Why we invested in (well, co-built) JUNO

At OSS Ventures, we invest in and co-build the software stack of the future of operations. As a venture builder existing since 2020, we created 12 companies of which 8 performed a series A, and are present in more than 800 factories throughout Europe. As builders of solutions for the manufacturing world, we are lucky to be at the forefront of the future of operations and are grateful for it. We took a habit, when a company gets created, to write the short story of how it went and the things we learned. You may find in the writing below interesting, as it is the true early stage story of JUNO blazing through uncertainty to find product/market fit, and sometimes some great jokes.

Productivity flat flat flat. Papers, papers, papers everywhere.
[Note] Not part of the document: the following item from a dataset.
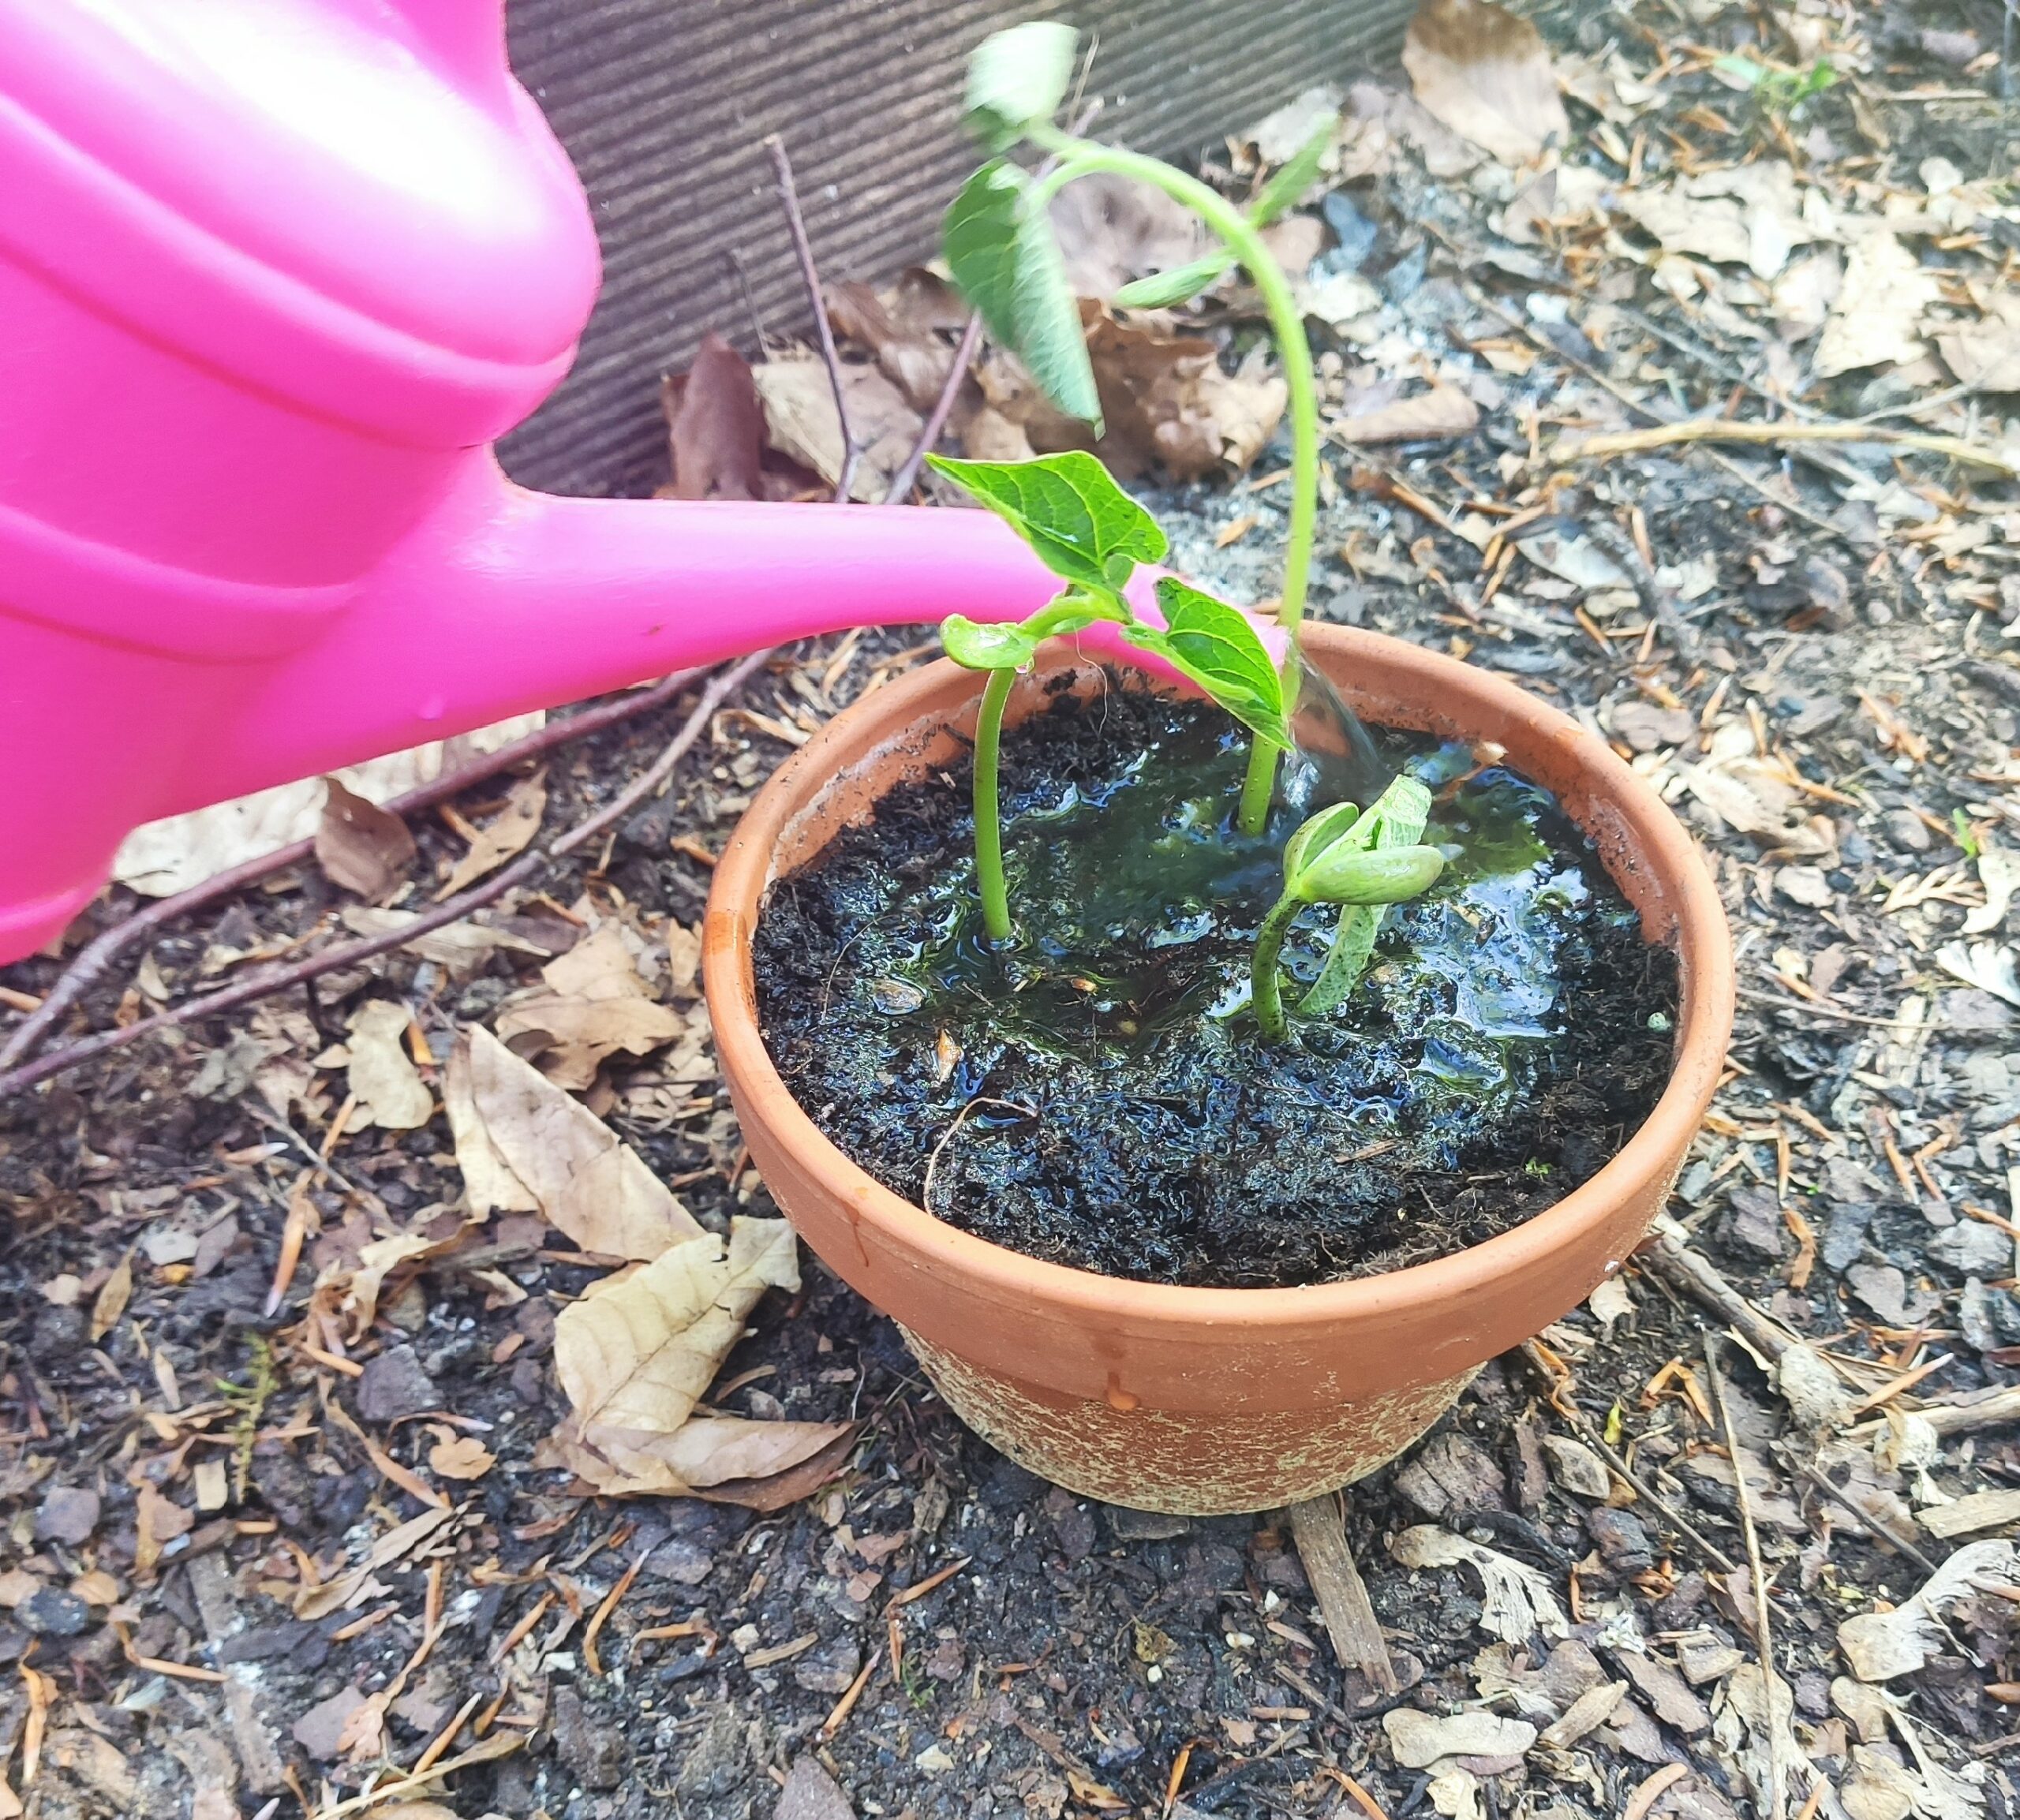 Bild zum Schritt 18 für das Bastel- und DIY-Abenteuer für Kinder: 'Zum Schluss gießt ihr die frisch eingesetzten Pflanzen vorsichtig. ...'

At the end of 2021, the OSS team had directly visited 180 factories (a record year) and had indirect information on 800 more. In heavy-regulation industries such as aerospace, pharmaceutical, pet food and agribusiness, the team noticed a disturbing trend : productivity was mostly flat. While big gains were going on with digitisation, automation, R&D in consumer goods, electronics, oil & gas, it had been five to ten years that those three sectors were having mostly flat productivity.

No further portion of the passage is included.